Great looking call! Keep it up!


----------



## SWAMPBUCK10PT (Apr 5, 2010)

_Nice Work!!!!!!! sb_


----------



## bones44 (Jan 7, 2011)

Looks great ! Now get to calling...


----------



## Rick Howard (Feb 25, 2012)

Thanks everyone. Crazy fun to make these things. I will admit I have spent a lot of energy learning and do not anticipate stopping. Worth it.... I am finding it as addicting as hunting itself.

Ed I always wear a mask no mater what I am turning or sanding. I wear a full face shield while turning also. Nice spot on the Coco. It is probably my favorite wood to turn so far. I have been fighting some black palm lately. Now I know why a 1.5" square x 100 feet long only cost $5. You need about 99 feet to get that one foot turned nicely. At least I do....

Don it sounds good. This board is long and has a big range of sound. Also pretty loud. I will try to get a recording soon. I have not forgotten you wanted to hear a distress recording. I am working on getting a good recording. The software or the mic or both just arent good. The recordings do not sound like what is coming from the call.

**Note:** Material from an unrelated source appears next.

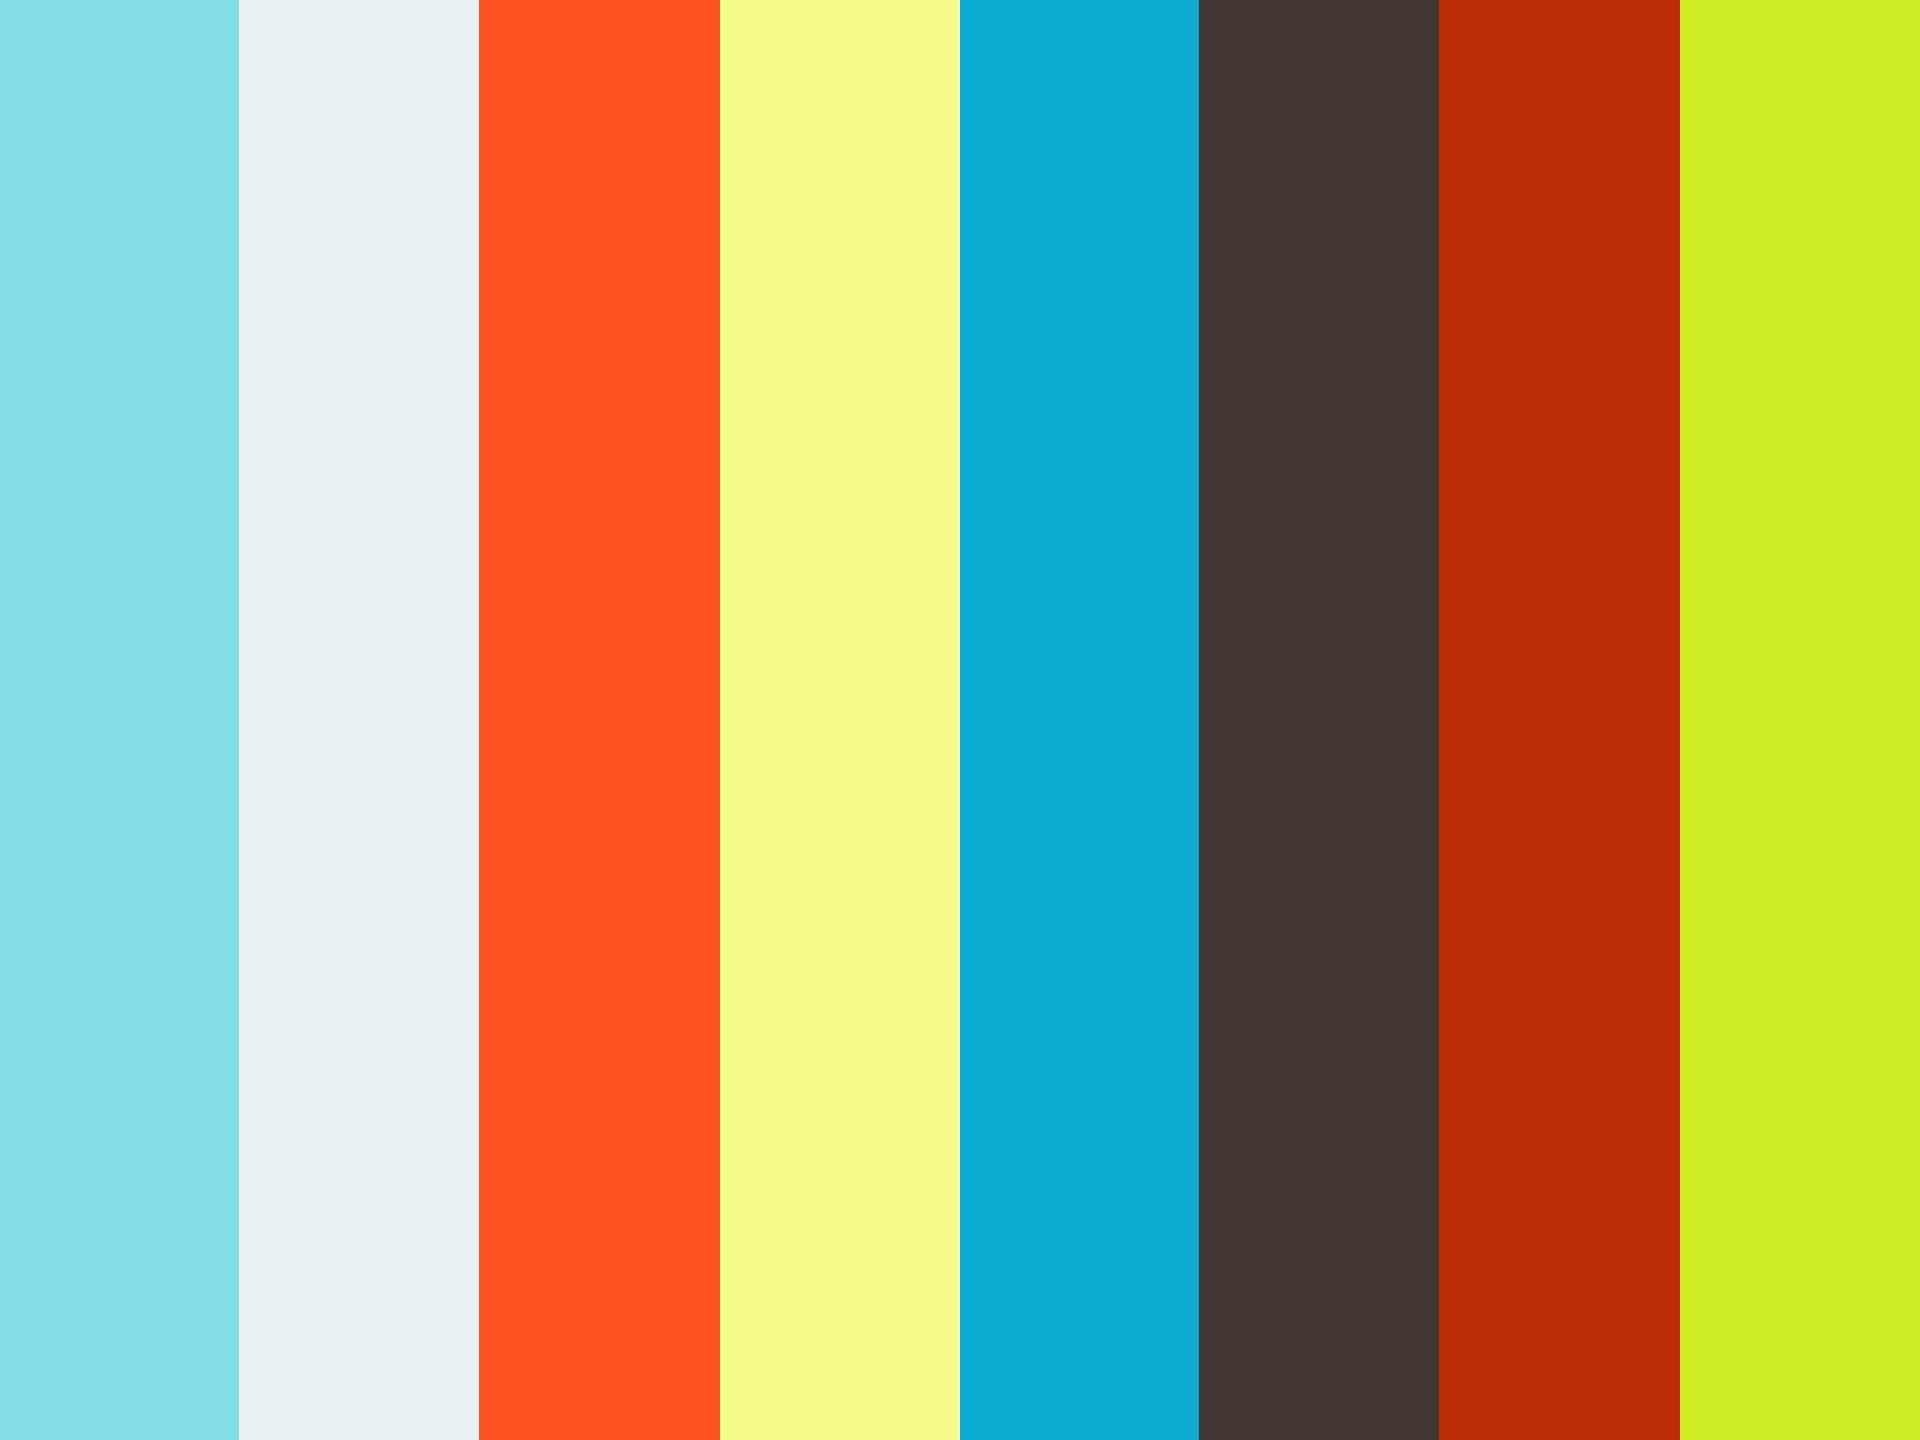 IPS e.max ジルキャド MT マルチ チェアサイドブロック草間幸夫先生によるビデオセミナー 【全10動画】 #10 まとめ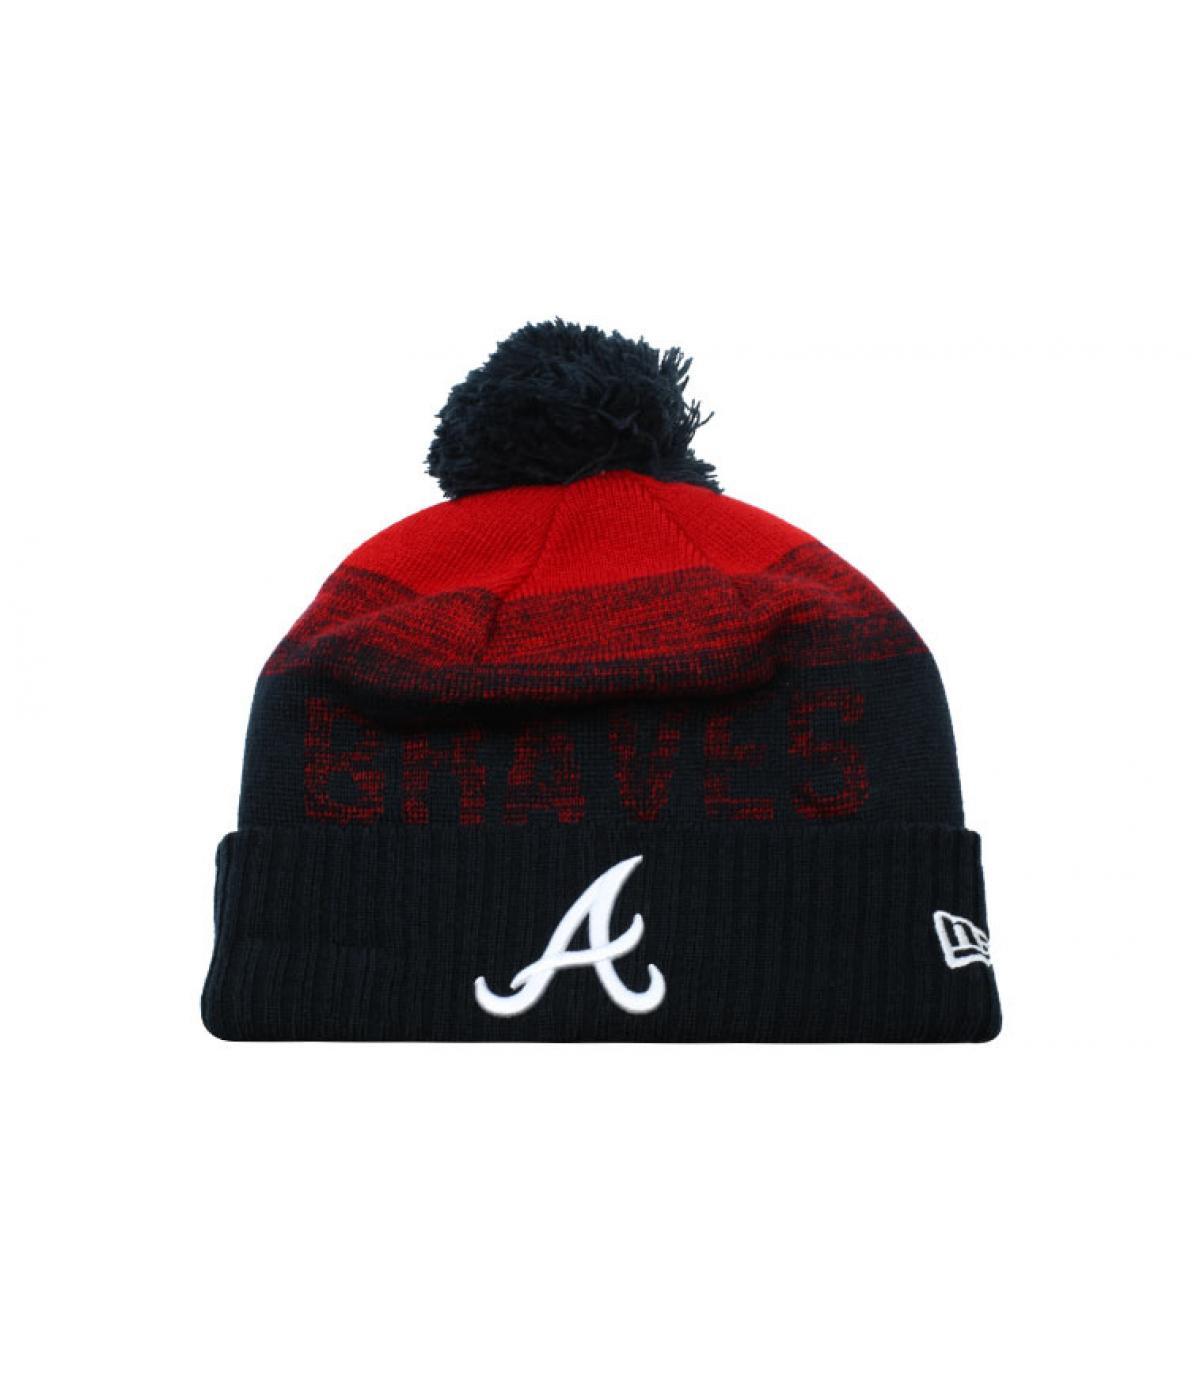 Dettagli MLB Sport Knit Atlanta - image 2

Looks like that wall in the background needs a fresh coat of Dry Lock too. Anyone notice that? Geez another project. Still have not finished all the floors. I have a file or quarter round sitting in the back hallway. I should probably do that too!


----------



## 220swift (Mar 2, 2011)

Very nice looking call! Looking forward to how it sounds.


----------



## Hortontoter (Apr 27, 2012)

*Nice job. Looks like a fun pastime.*


----------